Collected material:
━━━━

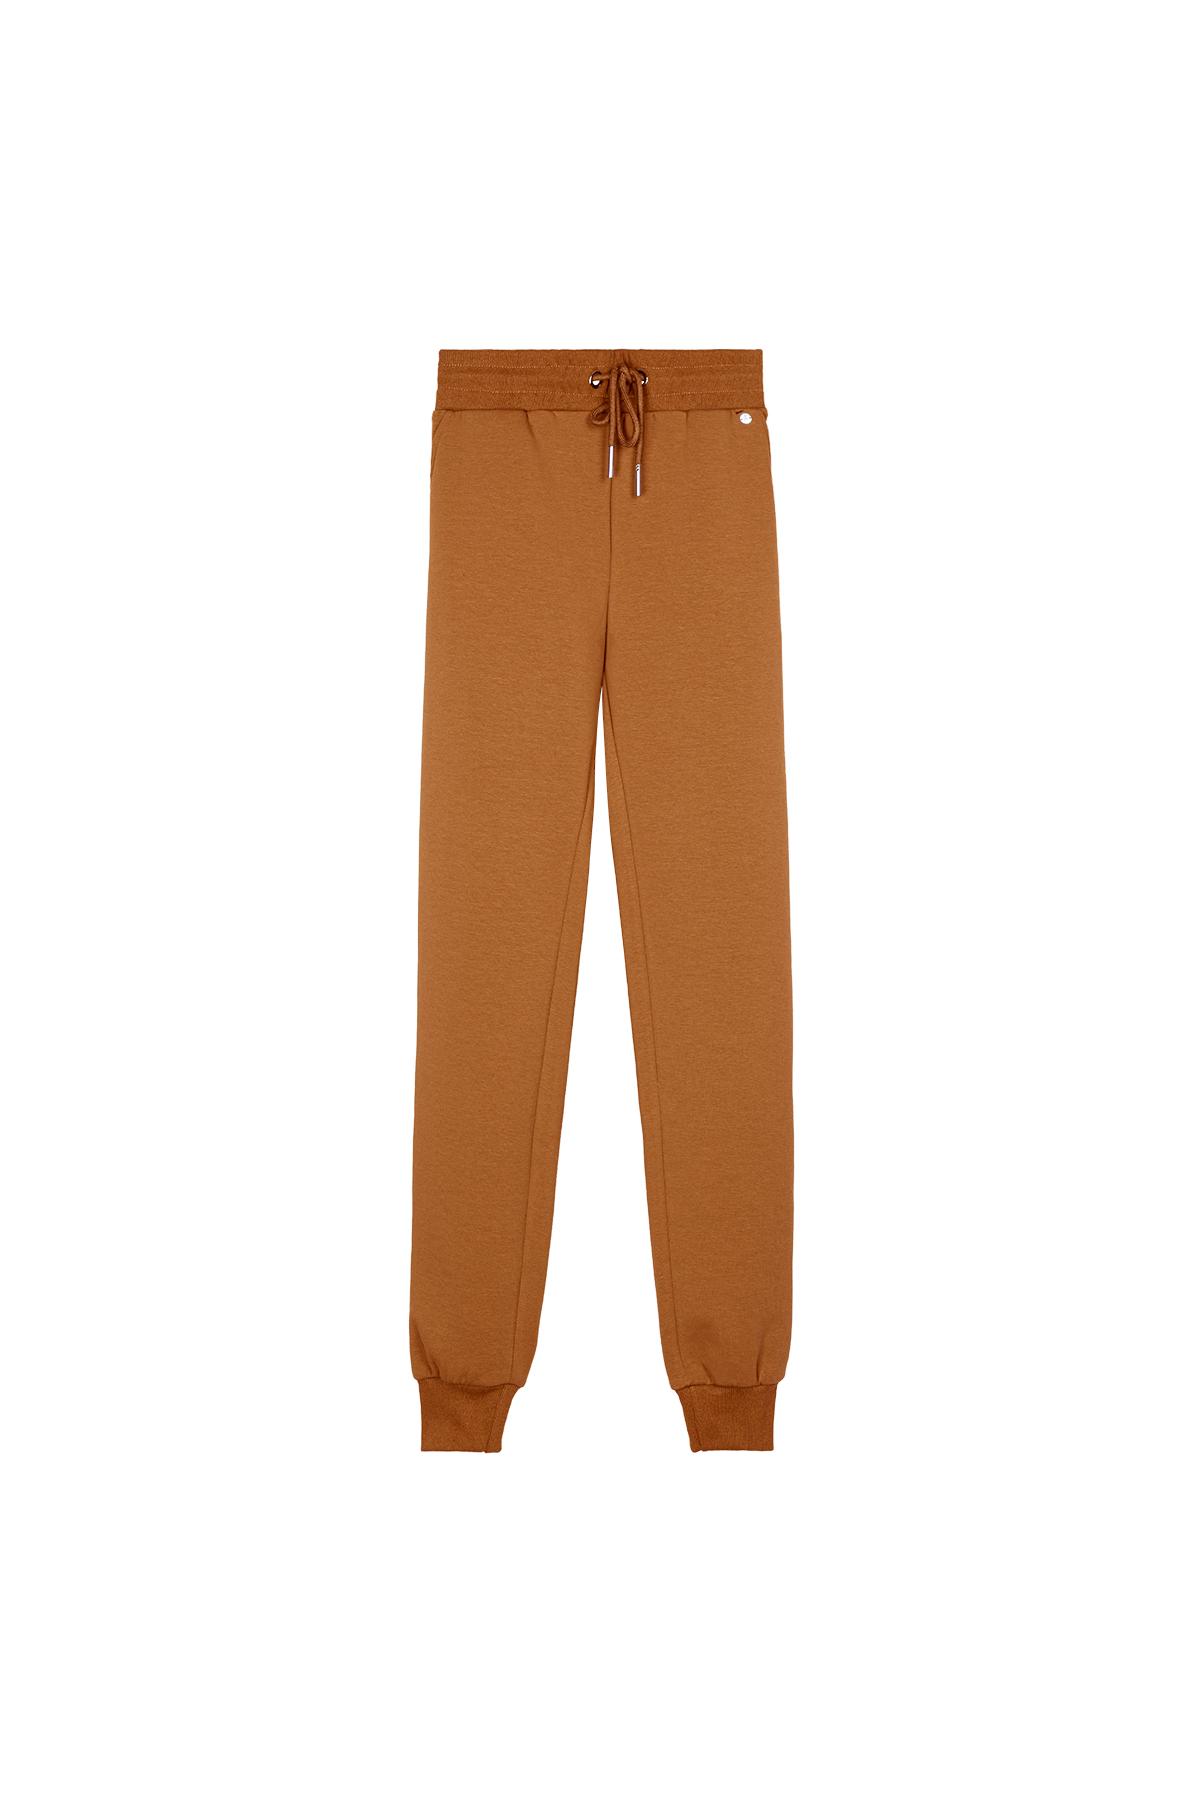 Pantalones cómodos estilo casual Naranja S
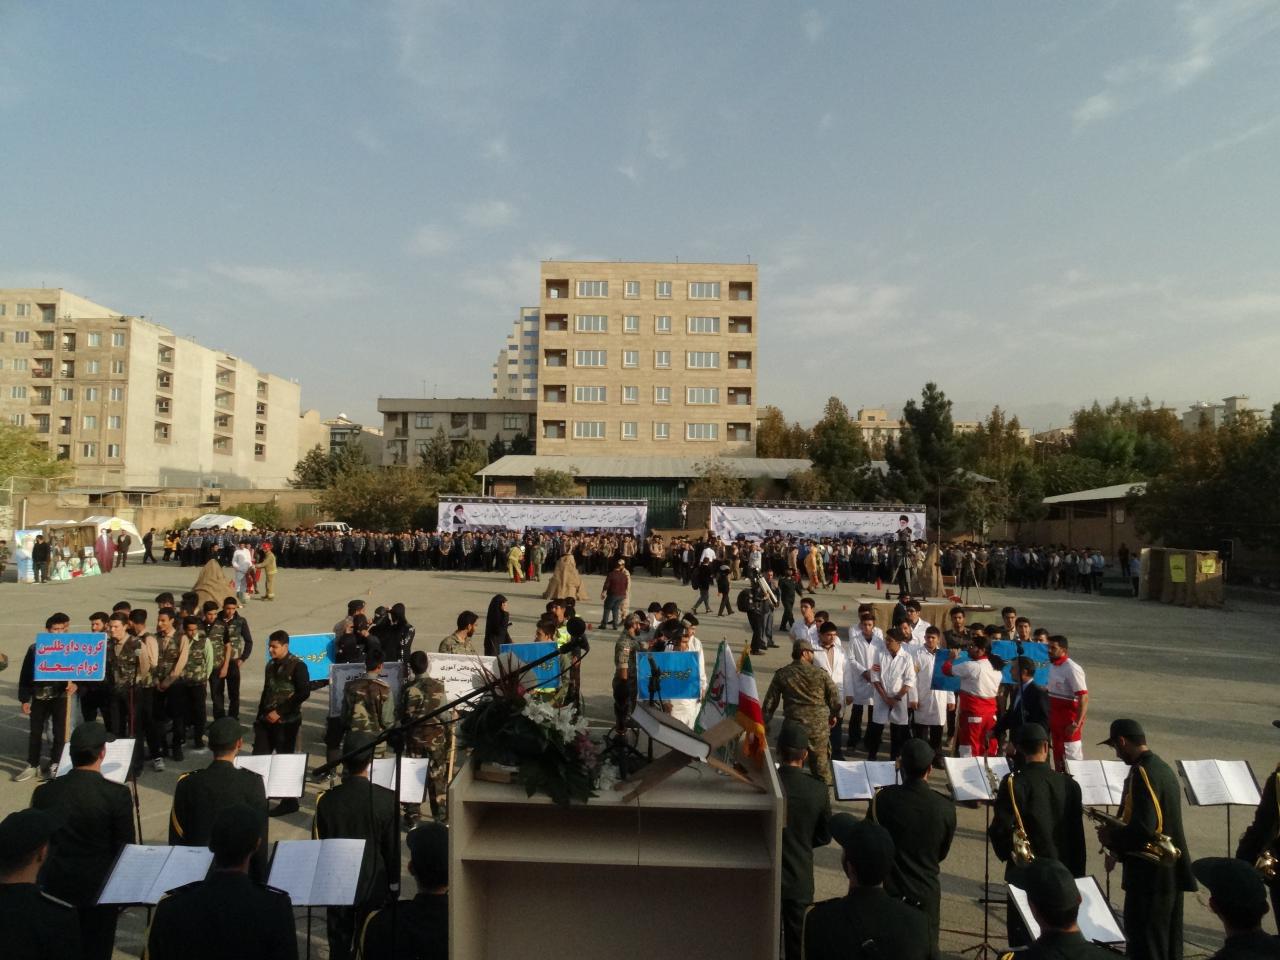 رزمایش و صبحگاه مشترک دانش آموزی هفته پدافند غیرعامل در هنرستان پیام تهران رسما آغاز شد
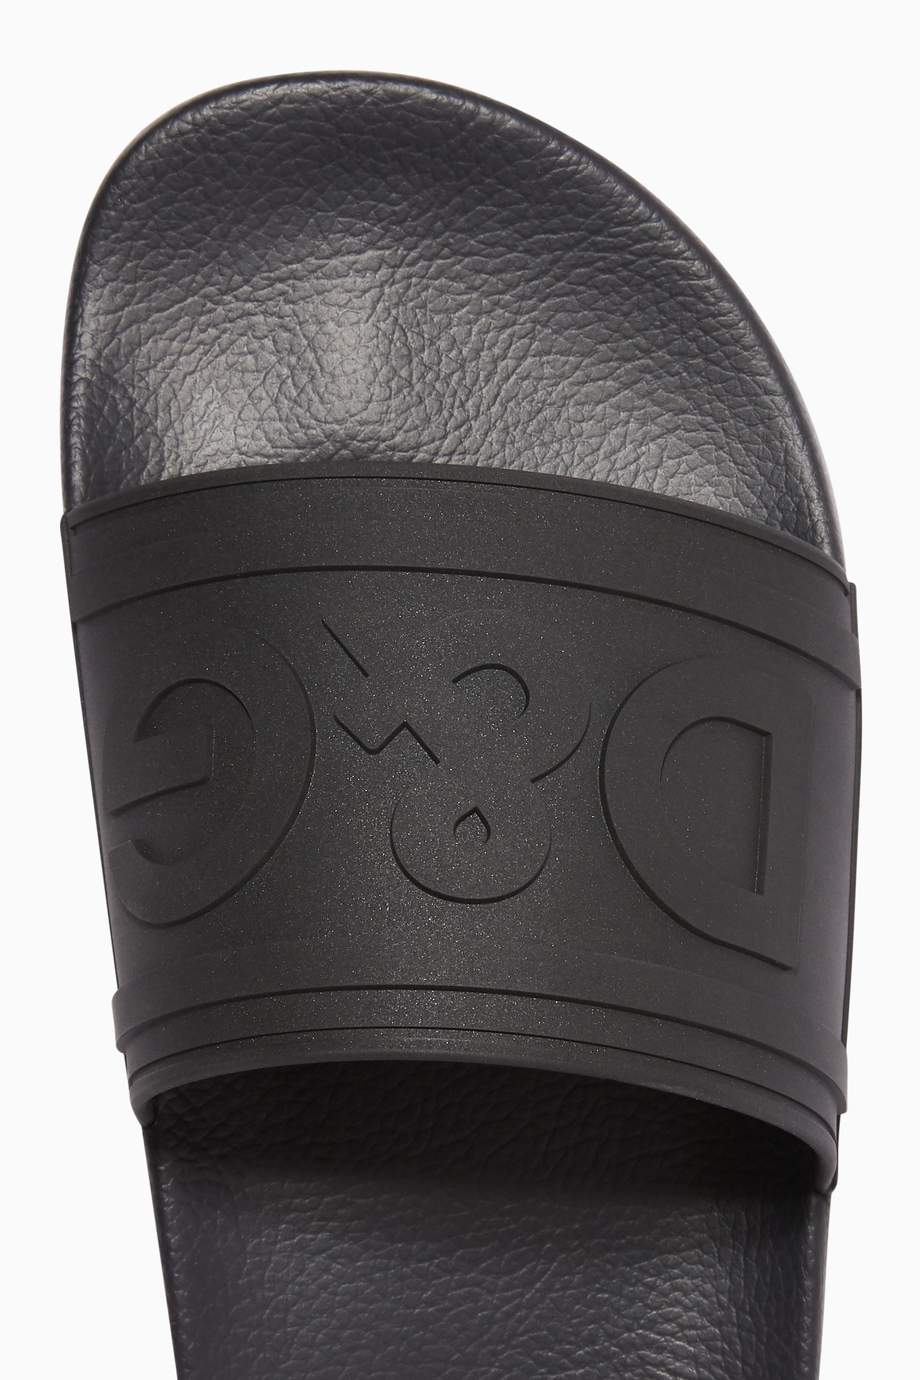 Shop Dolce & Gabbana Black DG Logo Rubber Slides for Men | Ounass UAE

━━━━

What the exercise asks: In the copy, keep every line of the data above exactly and drop each picture.

Task response:
 Pantalones cómodos estilo casual Naranja S
 رزمایش و صبحگاه مشترک دانش آموزی هفته پدافند غیرعامل در هنرستان پیام تهران رسما آغاز شد
 Shop Dolce & Gabbana Black DG Logo Rubber Slides for Men | Ounass UAE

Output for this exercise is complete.